Commonly, confusion denotes bewildering uncertainty, often associated with delirium or even dementia. From the confusion of languages in the Biblical Genesis to Genesis the band, broader audiences mostly encounter negative aspects of confusion. But confusion can be negative and positive, sometimes both at the same time. Moreover, it’s a subject of scientific interest, a phenomenon that can’t be ignored, that requires scientific understanding, and needs to be designed and moderated.
A convenient tool to measure confusion in a system is the so-called confusion matrix. This is used in linguistics and computer science—in particular, machine learning. In principle, the confusion matrix is a table, where all criteria in the row dimension are compared with all criteria in the column dimension. A simple example is to compare all letters of the alphabet spoken by an English native with the letters actually perceived by a German speaker.

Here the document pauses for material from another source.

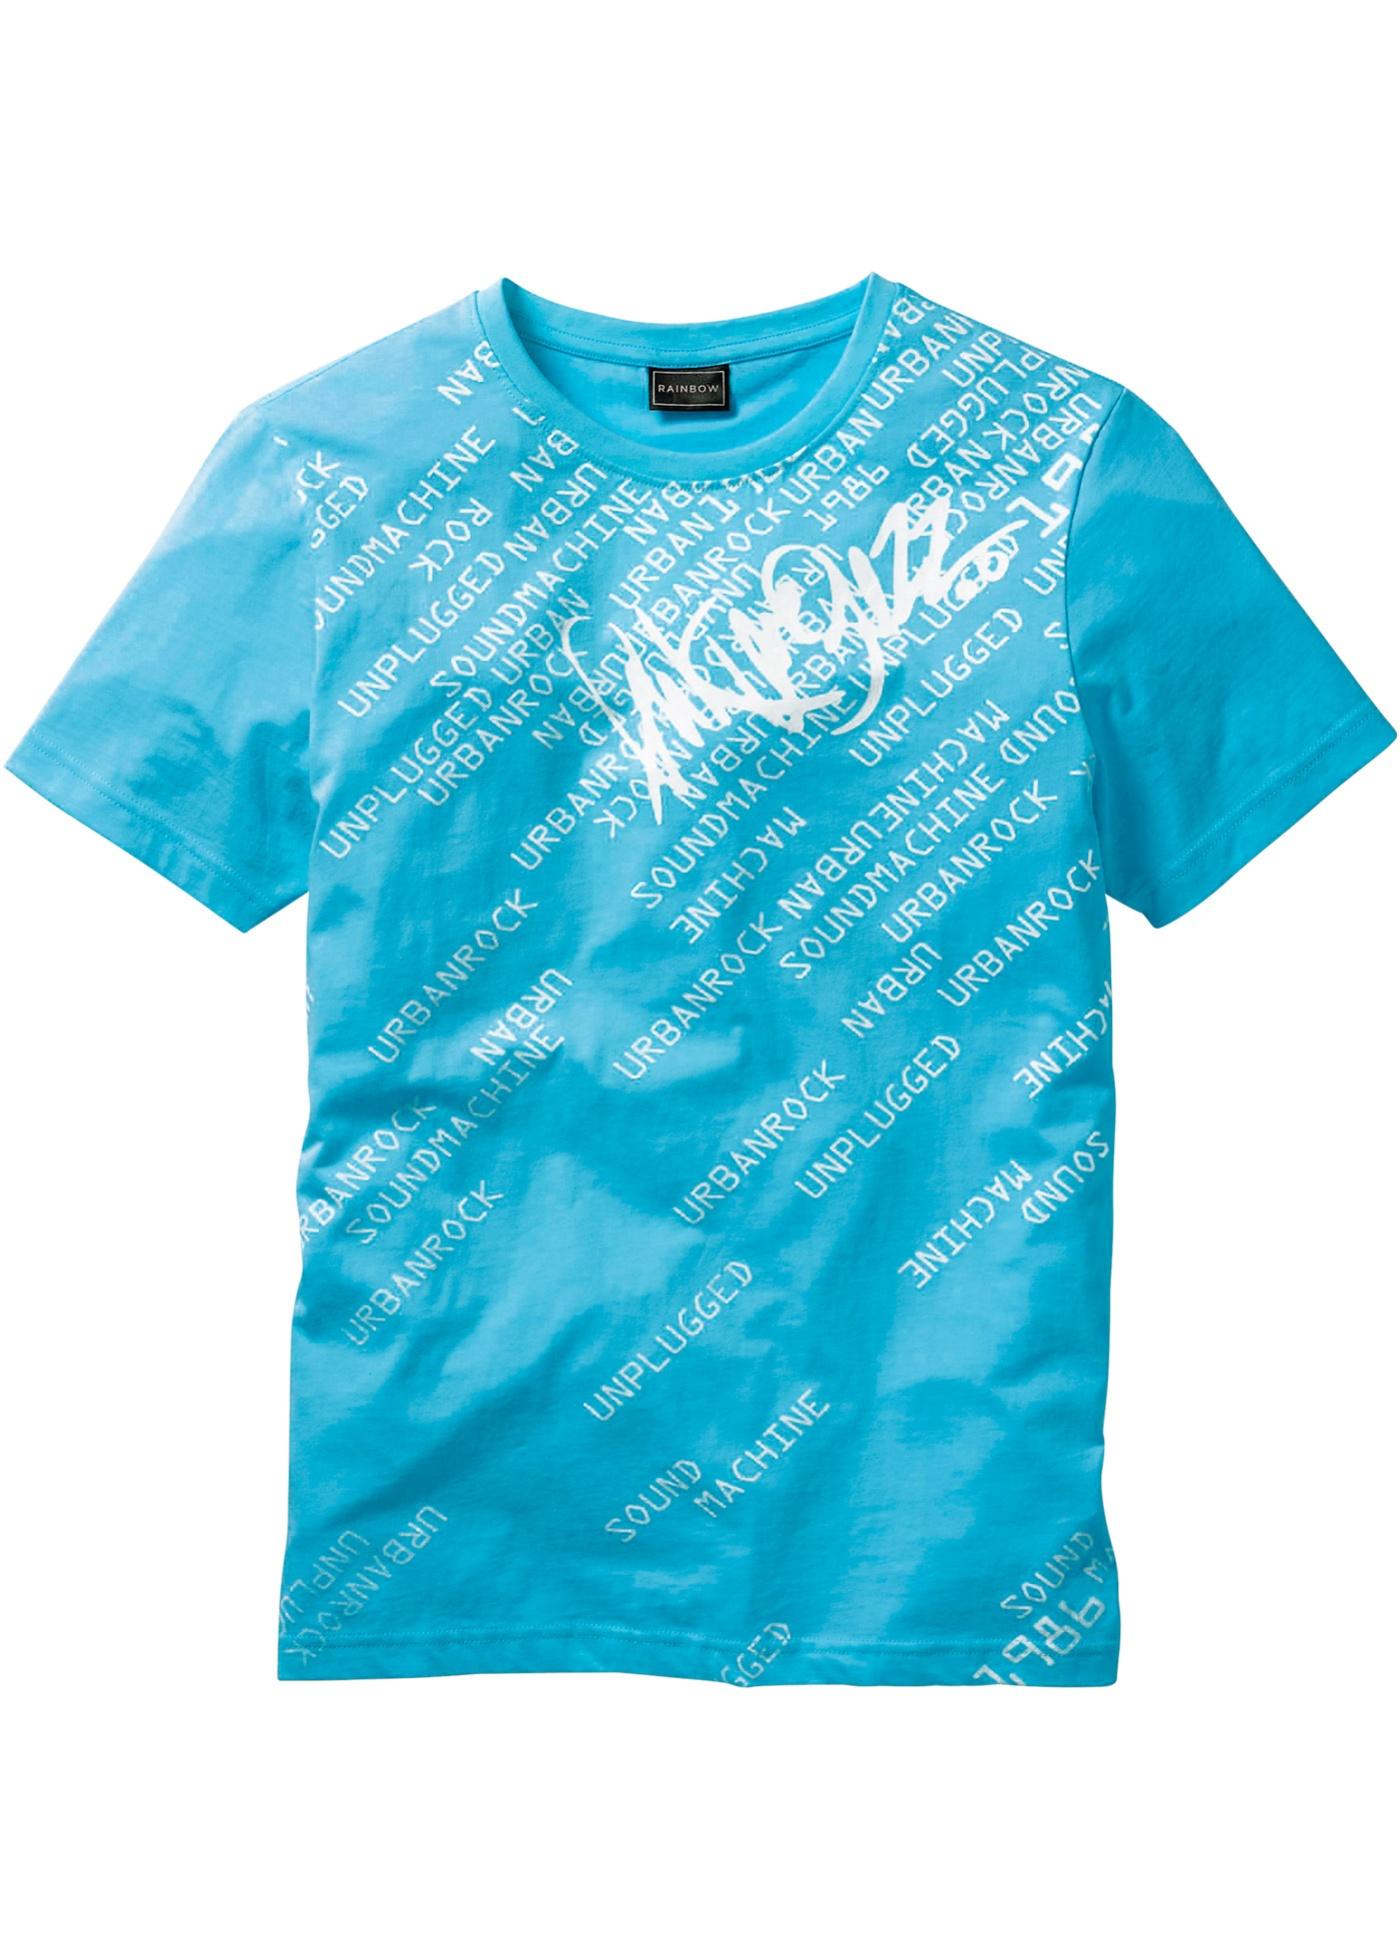 T-shirt slim fit  Blu  -

An English “e” will often be confused with the German “i,” resulting in a higher value in the matrix where the “e” row crosses the “i” column. Ideally, of course, letters are confused only with themselves, resulting in high values exclusively along the matrix diagonal. Actual confusion, in other words, is characterized by patterns of higher values, off the matrix diagonal.
Unfortunately, the use of the confusion matrix is still mostly governed by what Richard Dawkins calls “the tyranny of the discontinuous mind.” Processing the confusion matrix, scholars generally derive secondary measures to quantify Type I and Type II errors (false positives and false negatives) and a number of similarly aggregate measures. In short, the confusion matrix is used to make classification by humans and artificial intelligence less confusing. A typical (and useful) example is to compare a machine classification of images with the known ground truth. No doubt, quantifying the confusion of ducks with alligators, just like pedestrians with street signs, is a crucial application that can save lives. Likewise, it’s often useful to optimize classification systems in order to minimize the confusion of human curators. A good example would be the effort of the semantic Web community to simplify global classification systems, such as the Umbel ontology or the category system in Wikipedia, to allow for easy data collection and classification with minimal ambiguity. Nevertheless, the almost exclusive focus on optimization by minimizing confusion is unfortunate, as perfect discreteness of categories is undesirable in many real systems, from the function of genes and proteins to individual roles in society. Too little confusion between categories or groups and the system is, in essence, dead. Too much confusion and the system is overwhelmed by chaos. In a social network, total lack of confusion annihilates any base for communication between groups, while complete confusion would be equivalent to a meaningless cacophony of everything meaning everything.
Network science is increasingly curious regarding this situation, dealing with confusion using the concept of overlap in community finding. Multifunctional molecules—genes and proteins, for example—act as drugs and drug targets, where confusion needs to be moderated in order to hit the target while minimizing unwanted side effects. Similar situations arise in social life. Only recently has it become possible in network science to deal with such phenomena in an efficient way. Network science initially focused mostly on identifying discrete communities, since finding them is much simpler in terms of computation. In such a perfect world, one where all communities are discrete, there’s no confusion—or, more precisely, confusion is ignored. In such a world, the confusion or co-occurrence matrix can be sorted so that all communities form squares or rectangles along the matrix diagonal. In a more complicated case, neighboring communities overlap, forming subcommunities between two almost discrete communities—say, people belonging to the same company while also belonging to the same family. It’s easy to imagine more complicated cases. At the other end of the spectrum, we find all-out, complex overlap, which is hard to imagine or visualize in terms of sorting the matrix. It may well be true, however, that complex overlap is crucial to the survival of the system in question.
There’s a known case in which confusion by design is desirable: a highly cited concept in materials science introduced in 1993 in an article in Nature. Lindsay Greer’s so-called principle of confusion applies to the formation of metallic glass. In short, the principle states that using a greater variety of metal atoms to form a glass is more convenient due to the resulting impurities, which give the material less chance to crystallize. This allows for larger glass objects with interesting material properties, such as being stronger than steel. The convenience of more confusion is counterintuitive; it’s increasingly harder to determine the material properties of a glass the greater the variety of metals involved. It wouldn’t be surprising to see something like Greer’s principle of confusion applied to other systems as well.
While such questions await solution, as a take-home we should expect critical amounts of confusion in many real-life systems, with the optimum in between, but not identical with, perfect discreteness and perfect homogeneity. Further identifying, understanding, and successfully moderating patterns of confusion in real systems is an ongoing challenge. Solving it is likely essential in many fields, from materials and medicine to social justice and the ethics of artificial intelligence. Science will help us clarify—if possible, embrace; if necessary, avoid—confusion. Of course, we should be cautious: The control of confusion can be used for peace or war, much like the rods in a nuclear reactor, with the difference that switching off confusion in a social system may be just as deadly as switching it on.